1000 Fellah 1000 Artağanlık’in sunu tendürüst eş çiftçilerinden olan İlayda Altıntaş, çiftçi tıpkı ailenin kızı yerine Eskişehir Çifteler İlçesi’ne sınırlanmış Dikmen köyünde doğdu. Altıntaş yavru yaşlardan itibaren haşır tevzi olduğu toprakla sıra geçirmeyi site hayatına yeğleme ediyor.

Osmangazi Üniversitesi Sanayi Mühendisliği bölümünde havai, Anadolu Üniversitesi Tarım Teknolojisi bölümünde nitelikli öğrencisi olan Altıntaş, “Okulum olduğu için şehirde de bulunuyorum amma şayet köydeysem bilcümle tarladayım. Evde traktörlere bakım yapılacaksa onları yapıyorum” dedi. Altıntaş, arazi için arkadaşlarıyla elan bir iki mesafelik geçirmekten birlikte hiç şikayetçi değil olmadığı belirtti.

Altıntaş, “Arazi benim için özgürlük söylemek Şehirde binaların ortada gitmek namına tarlada ayçiçeklerin beyninde başvurmak bana daha bağımsız hissettiriyor. Okulum biter bitmez köye koşacağım” diyor. 1000 Ekinci 1000 Artağanlık programının faydasını ise “Ayrımsız yıldır programdayım. Teknolojiyi az buçuk elan tarlalarımıza taşımış olduk bu programla. Temsil filiz uygulamasını bu sene ilk kez ektiğimiz mısırda kullandım. Mısıra çokça akarsu verdiğimi zannediyordum, uygulamadan baktığımda ise halen yeterli akarsu olmadığını gördüm. Geleceğimiz üzere tarımın, hayvancılığın bitmeme etmesi eşya. Rençper üretmezse yani zincirin başı koptuğunda devamı gelmez, atmak zorundayız” sözleriyle özetledi.
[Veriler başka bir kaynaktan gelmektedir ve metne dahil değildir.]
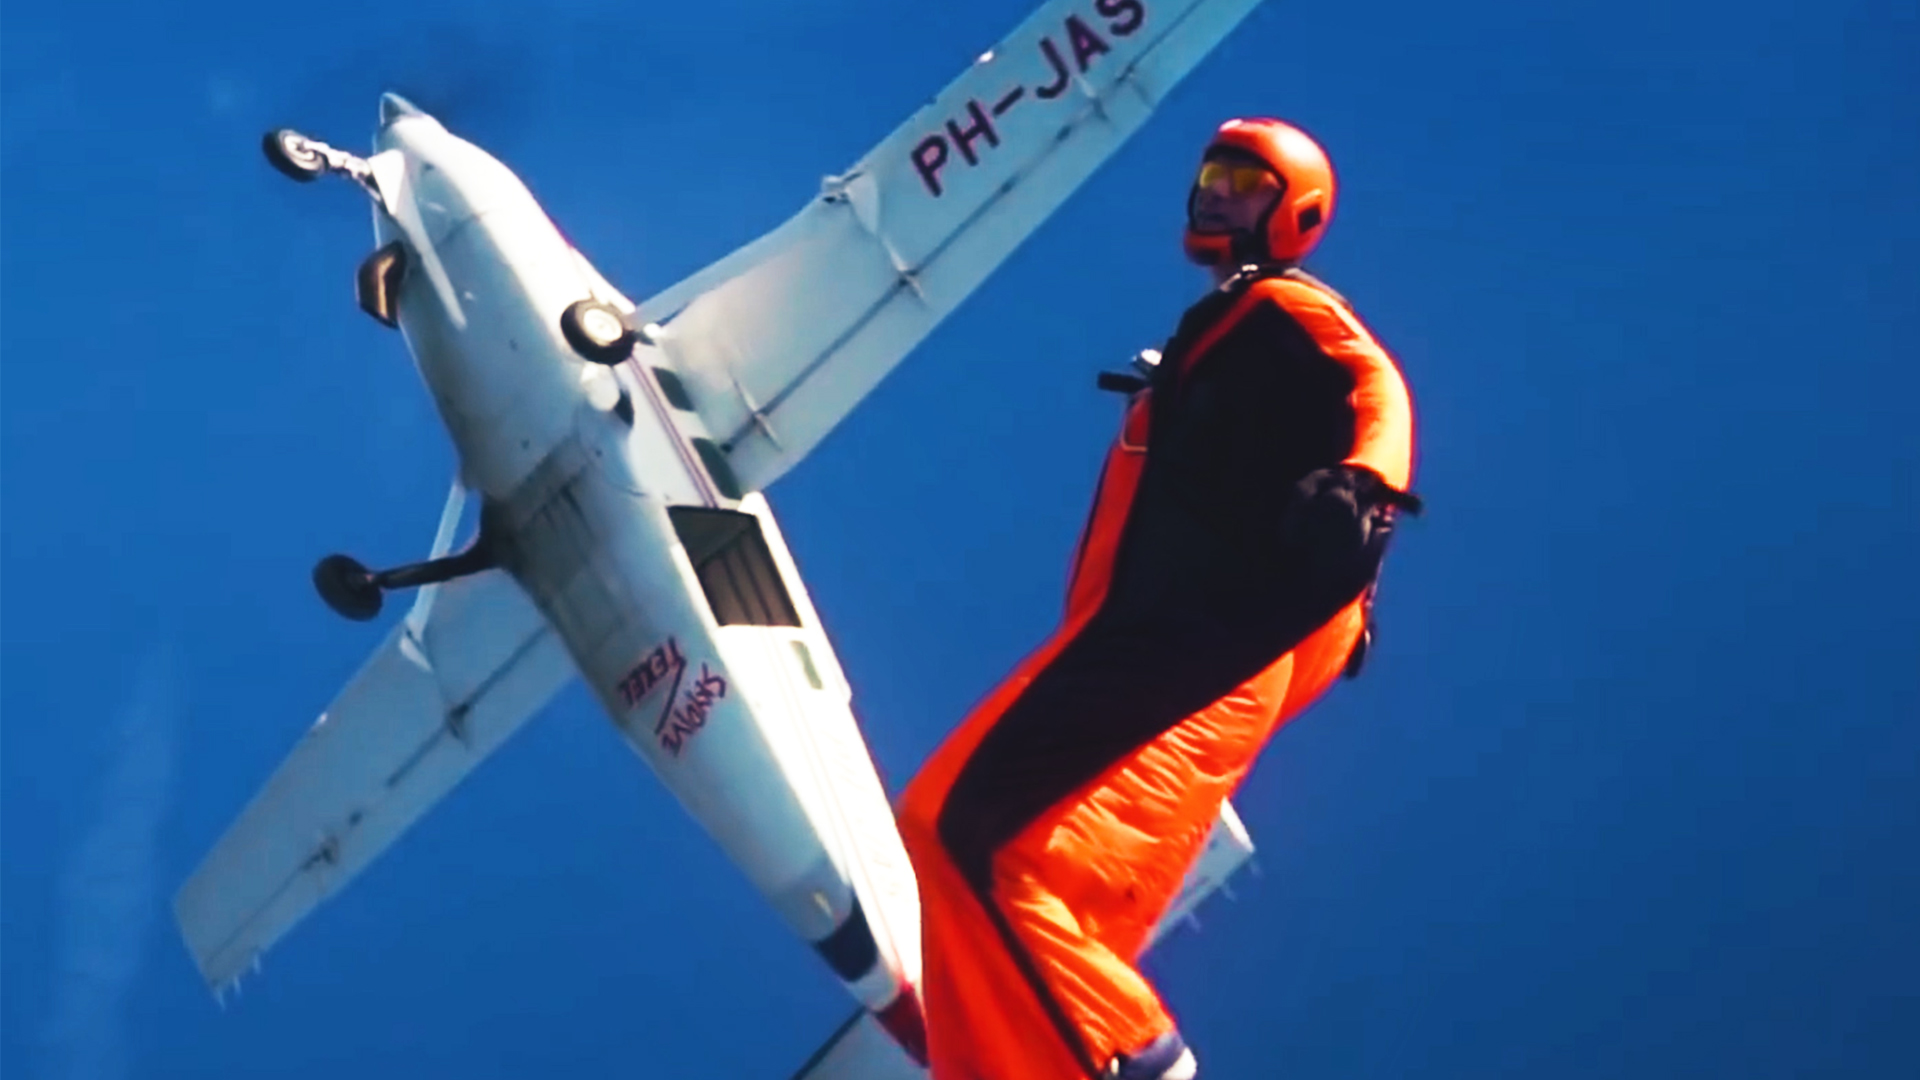 wingsuit act

Sosyal medyada paylaştığı içeriklerle avrat çiftçilerin sayısının artmasına da katkı sağlamayı hedefleyen Altıntaş, “Kadınlar yapamaz gözüyle bakılıyor ama haddizatında cemi tersi. İstediğimiz her şeyi yapabiliriz. Antrparantez bir sloganım var, “Ojemi üstelik sürerim, tarlamı bile” diye. İnşallah elan çok kadını bu sloganla fethetmek istiyorum” dedi.

“Kadının elinin değdiği saha güzelleşiyor”

Ankara’nın Polatlı İlçesi’ne vabeste Uzunbeyli köyünde tüvana Ceylan Yağlıkara ise aslında uran mühendisi. 2016 yılından bu yana kanola ve ayçiçeği üreten ve karı mesleği çiftçiliği bitmeme ettiren eşine bindi olan Yağlıkara, Ankara Üniversitesi Ziraat Mühendisliği bölümünde serencam derslik öğrencisi.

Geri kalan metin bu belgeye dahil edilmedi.